I walk there every evening with my dogs, our steps crunching the gravel on the road. After the first few minutes — out the entrance to the driveway, past the guava trees lining the road — we find our rhythm and march side-by-side, breathing and stepping in sync. We slip through the large metal gate and step onto the grass.
Cattle graze this field. They are not native to Hawaii, and they brought the grass with them. Both have flourished. The grass is as green as emeralds. We step over and around thick clumps with tall shoots radiating from the center. If the pasture had eyes, it would be these clumps. There are hundreds of eyes, each with its own eyelashes flirting with us, beckoning us to romp and run across her face.
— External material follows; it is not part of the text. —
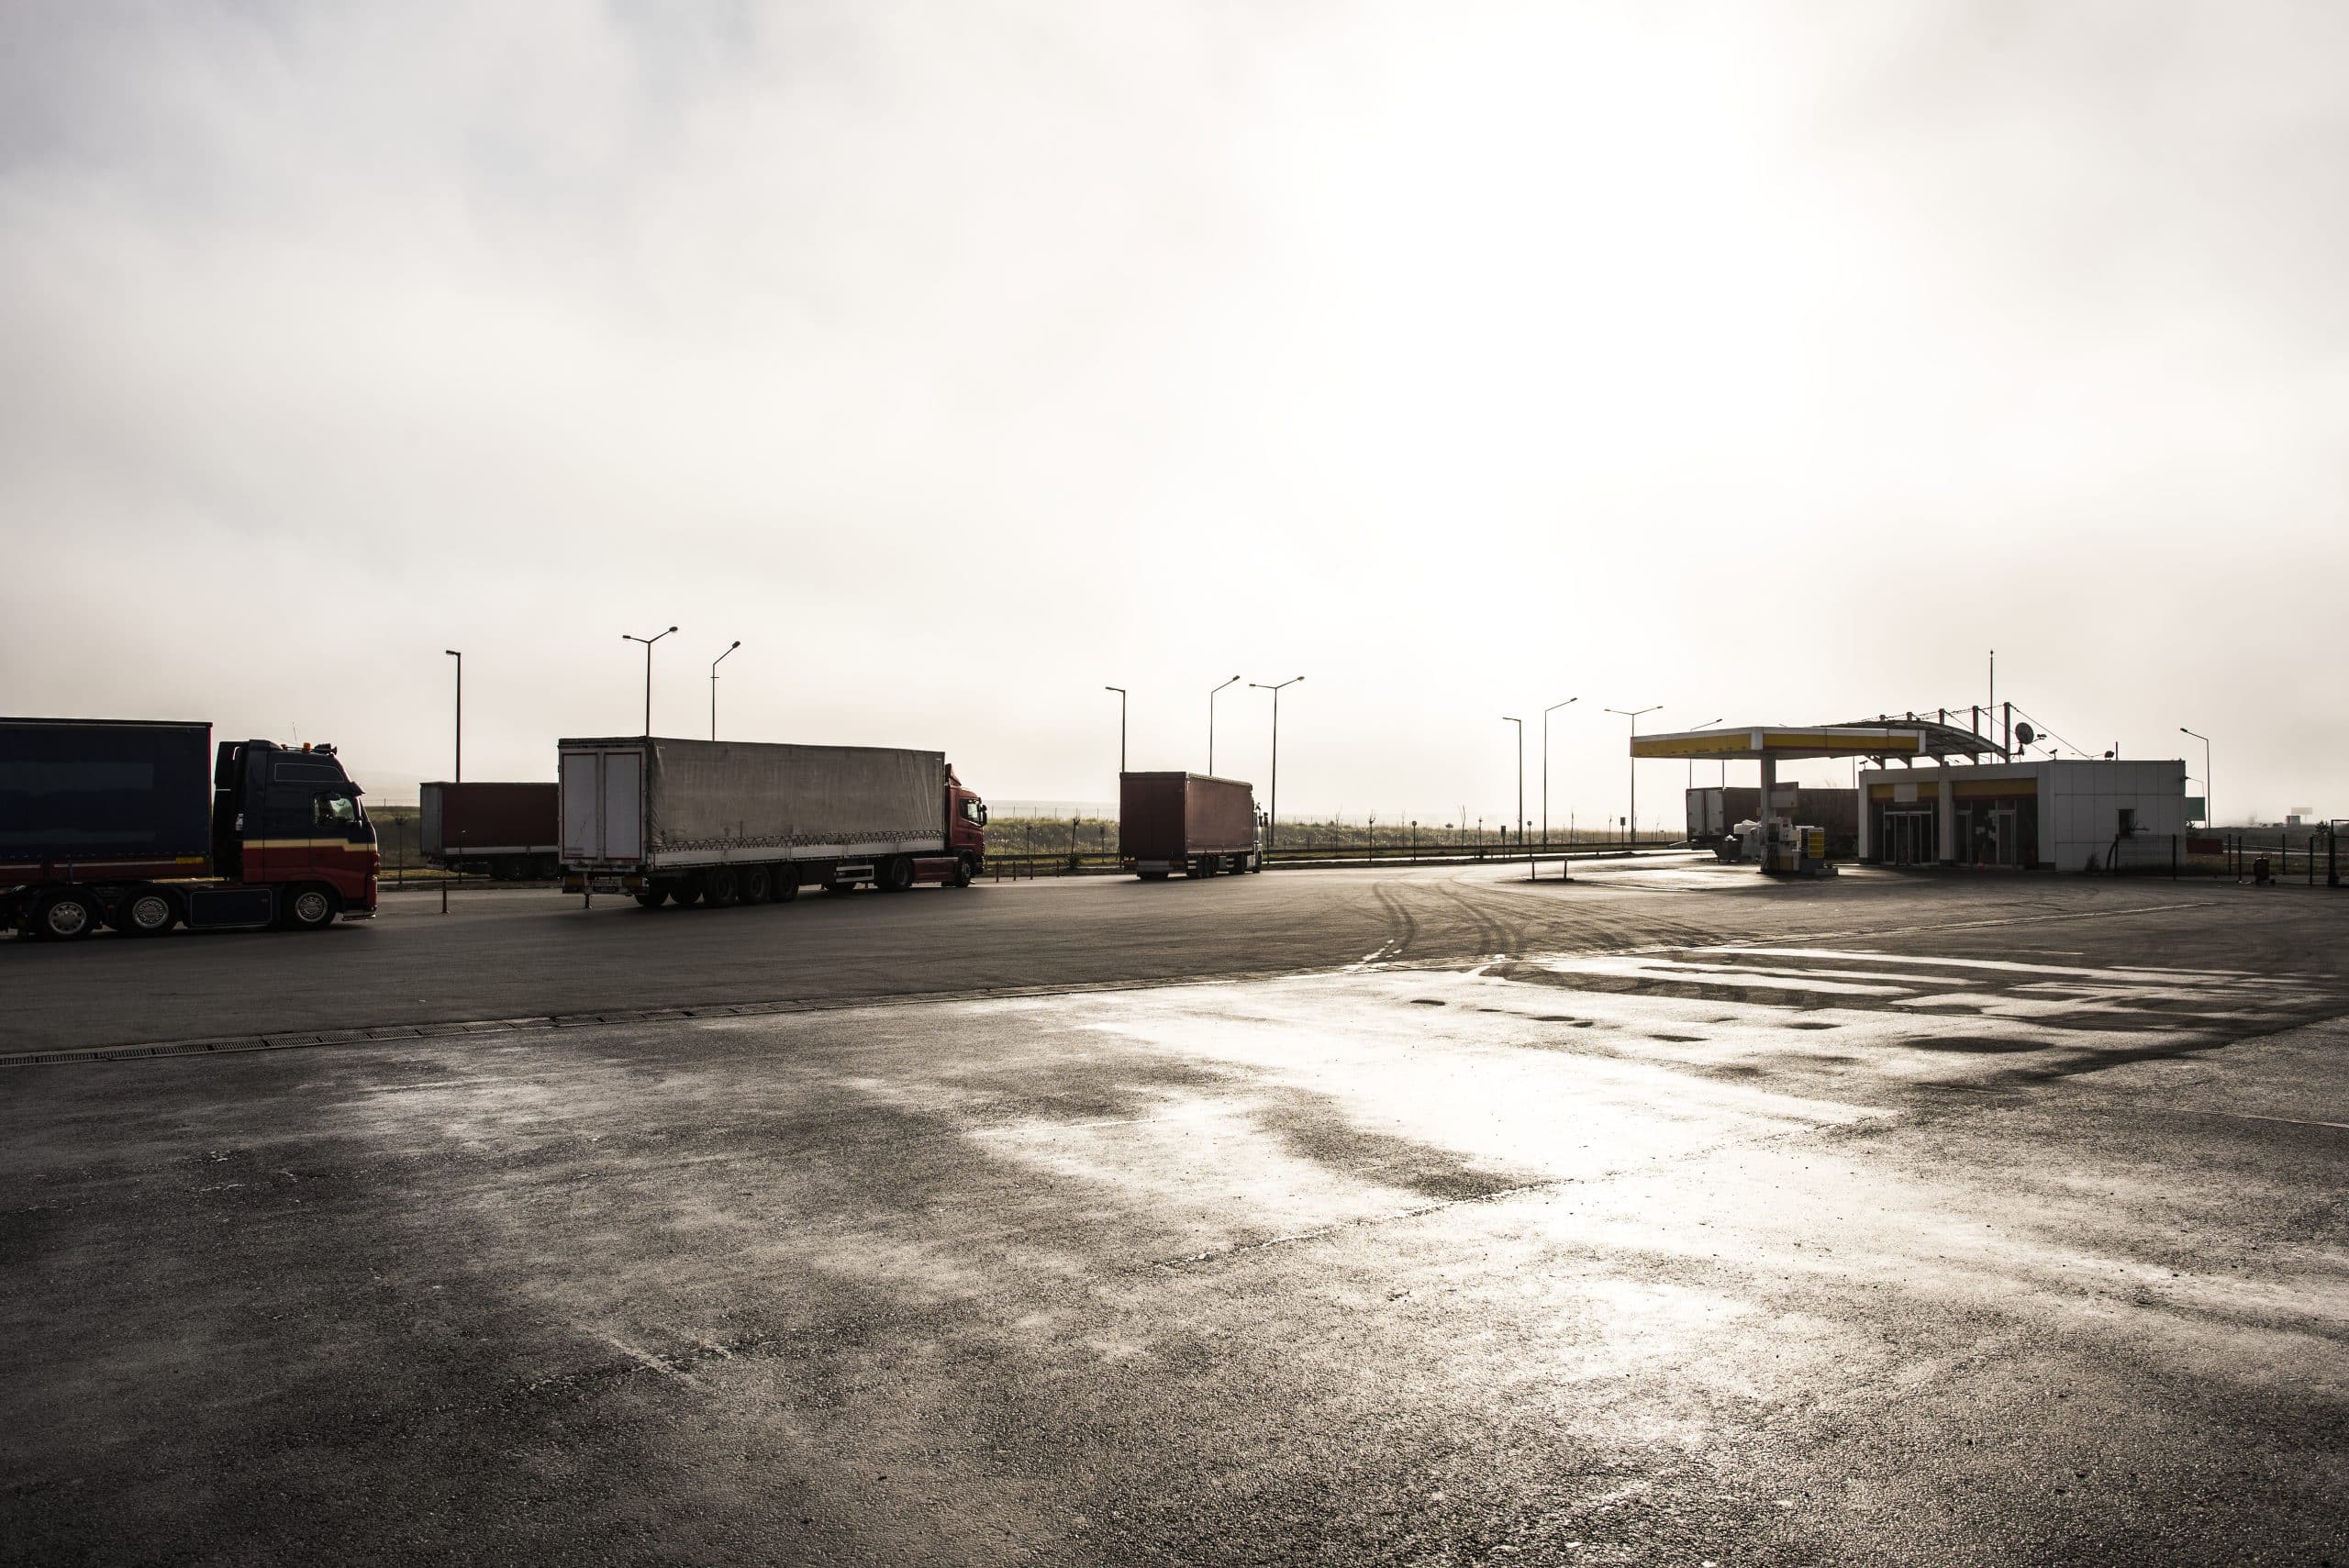 Tips for starting a successful truck wash business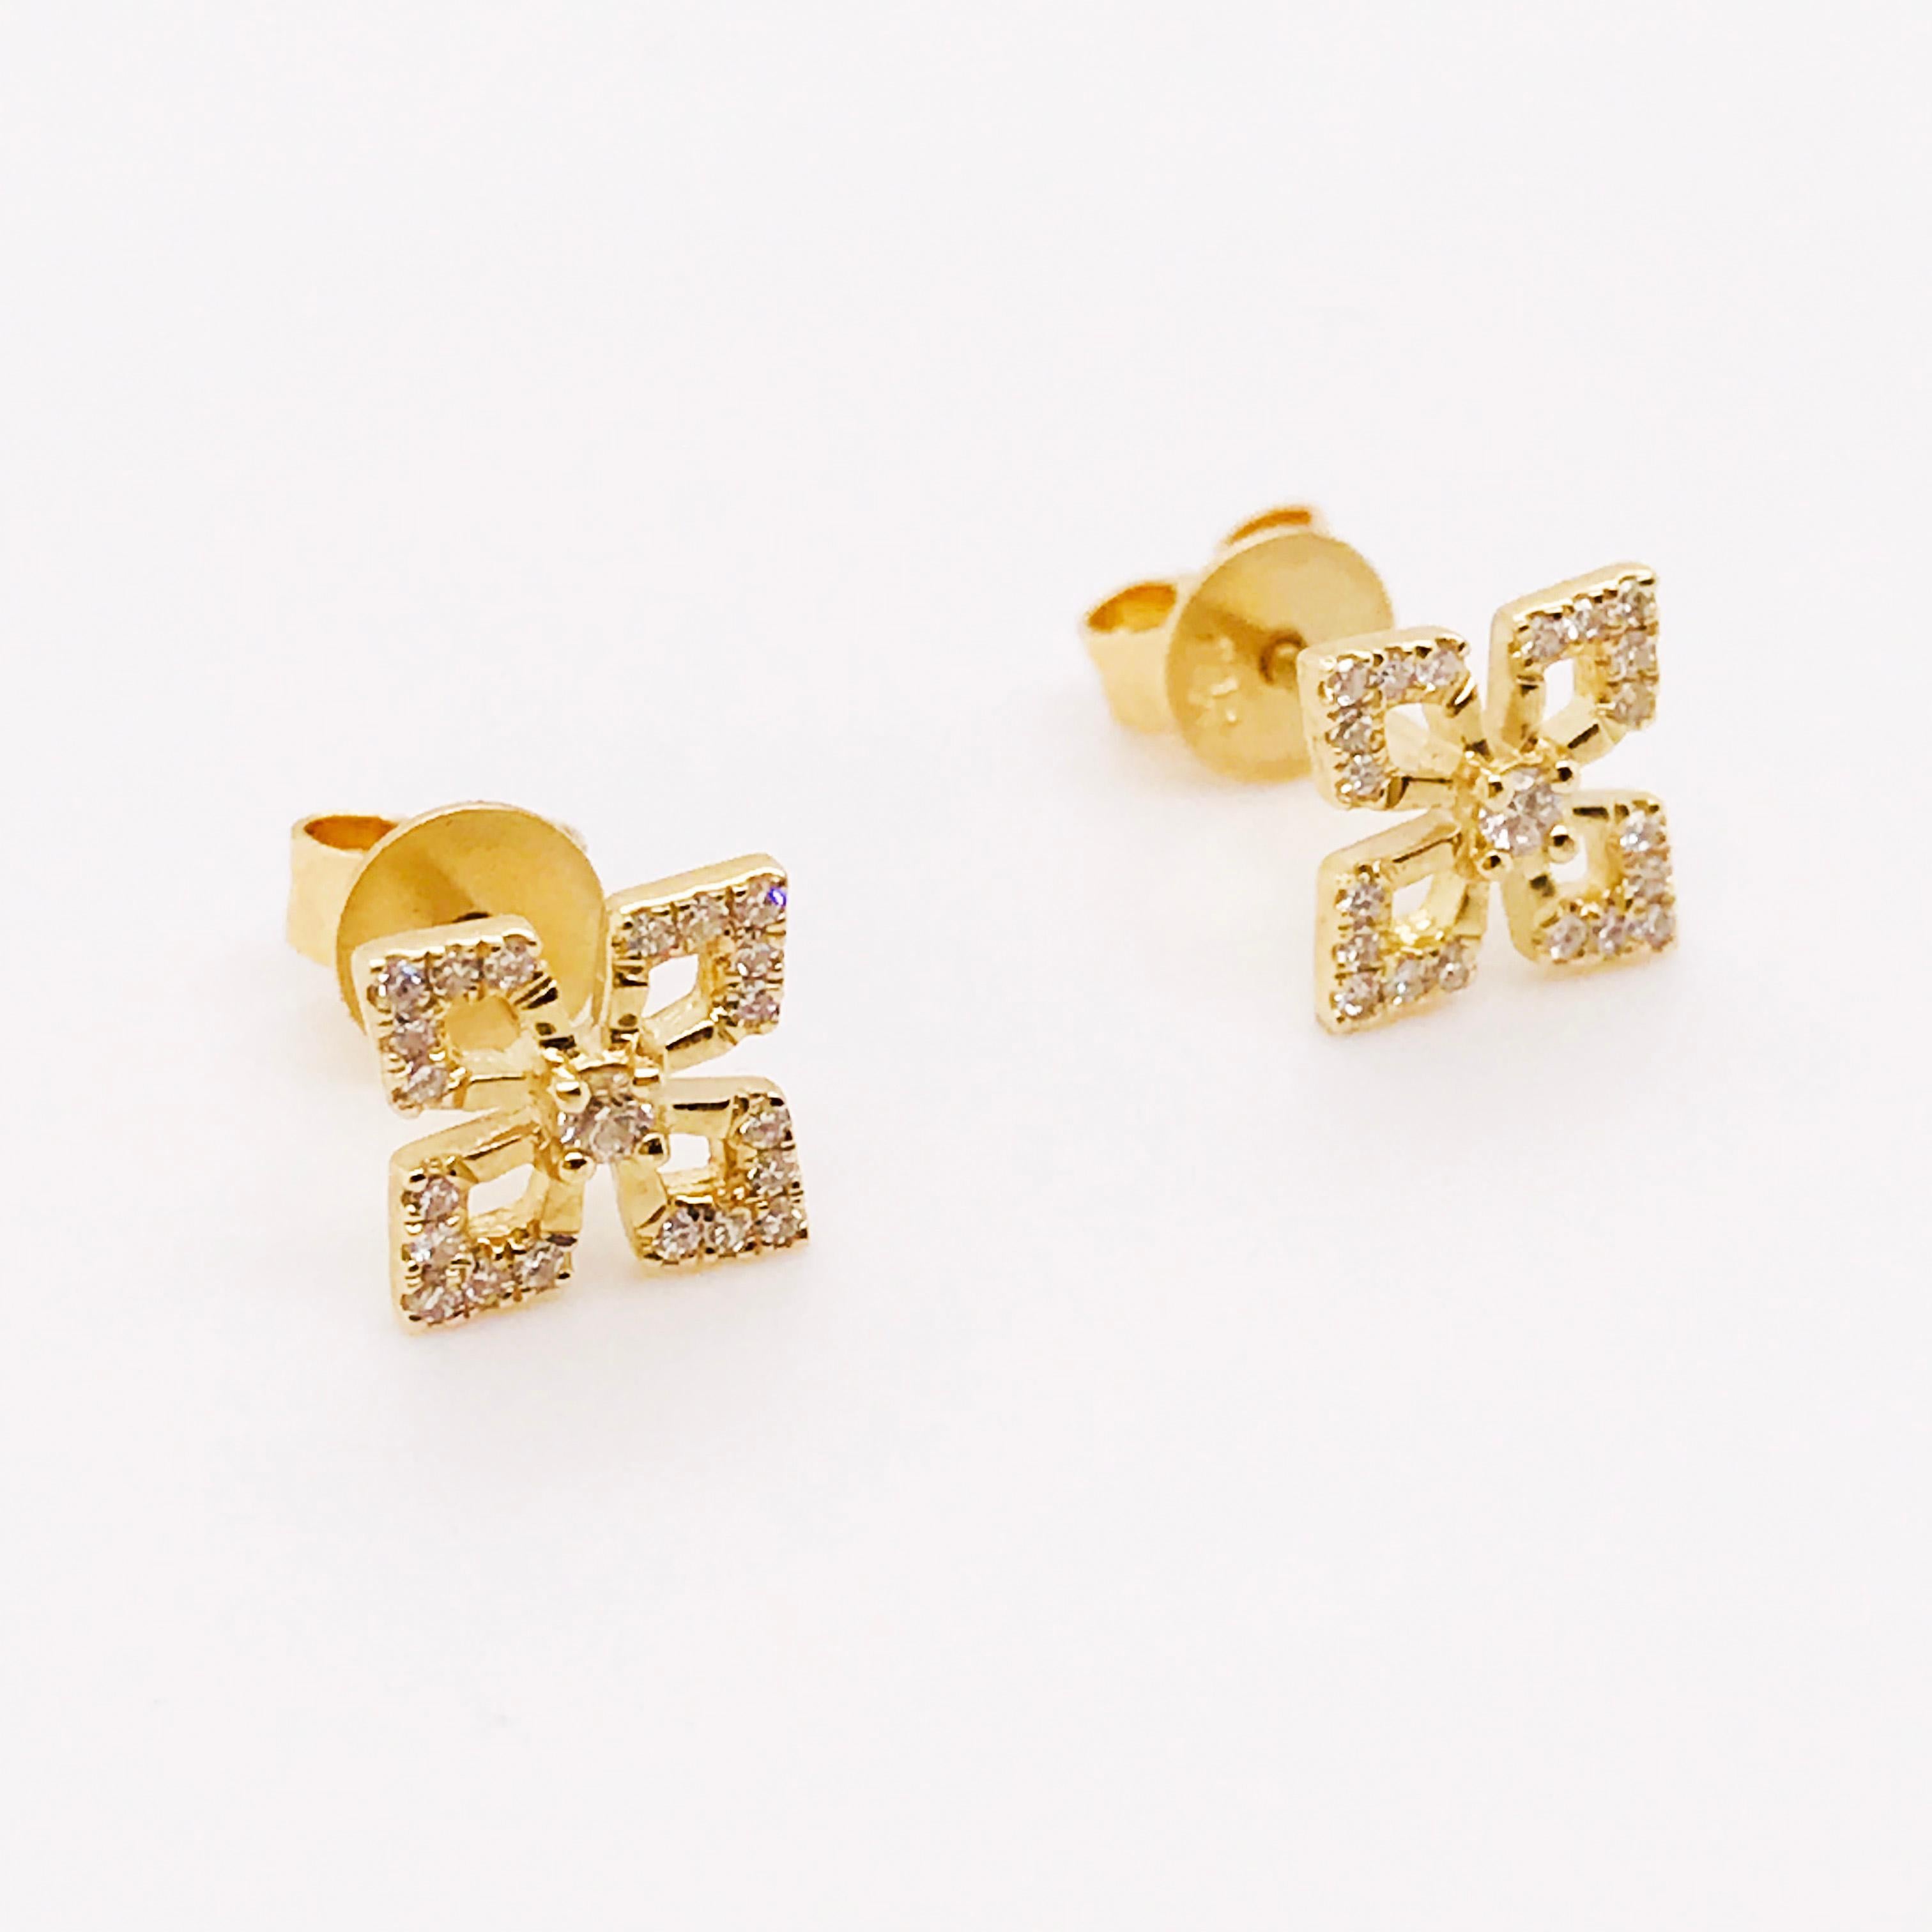 These diamond earrings are unique and gold. The design is a geometric clover (or petal) paved in round brilliant diamonds. These are a great accent piece to any fine jewelry attire. The size of these diamond studs can easily been worn on their own

So we do.
We run and roll our way through the bright green grass, down the hillside, and toward the blue. We leap over the clumps; our legs tickling their lashes. Breath gets dearer, and the dogs start to pant. I am dripping with sweat when we reach the edge of the cliff.
Looking down, the steep cliff face is eroded red dirt. It looks like a big chunk of the earth suddenly gave up holding life and fell into the sea. There hasn’t been enough time yet to smooth out the sharp edges. About a hundred feet down sits a pile of jagged black lava rocks like the jaws of an ancient sea monster left in no one’s memory to the pounding surf. Salty spray from the waves blows up the cliff with the wind, swirling cool air around my body. I close my eyes and breathe deeply. When I open them again, the dogs are panting nearby, gazes fixed on the endless horizon.
The sky is beginning to turn the bright pink of salmon flesh, and the purple majesty of sunset’s end is not far behind. That’s my cue to turn and find my way back to my little cottage before the heavy darkness of night comes. But I’m not ready yet because the cliffs nearby suddenly look different than ever before. There’s something peculiar about the way light bathes the scene: it’s more angled and golden, revealing details that I’d not seen in other seasons.
Those nearby cliffs are eroded, too, like the one I’m standing on, but they look strange somehow bathed in autumn light. I let my focus soften. My eyes relax to see what’s going on. What I see is that the island of Maui is like a giant ship, and these fingers of land that become the cliffs are its many bows. Fortunately, Maui is not the Titanic nor am I “on top of the world”. But it appears that the face of each cliff is a figurehead for the ship, worn smooth over the eons by the gusting wind and ocean spray. The cliffs ride out ahead of us, buffering us from the harshness of the unknown that lies ahead.
Patches of moody gray are taking over for the brilliant pinks and purples. Time to go. I whistle for the dogs, and together we make our way back across the pasture, through gate and into the coziness of our simple home.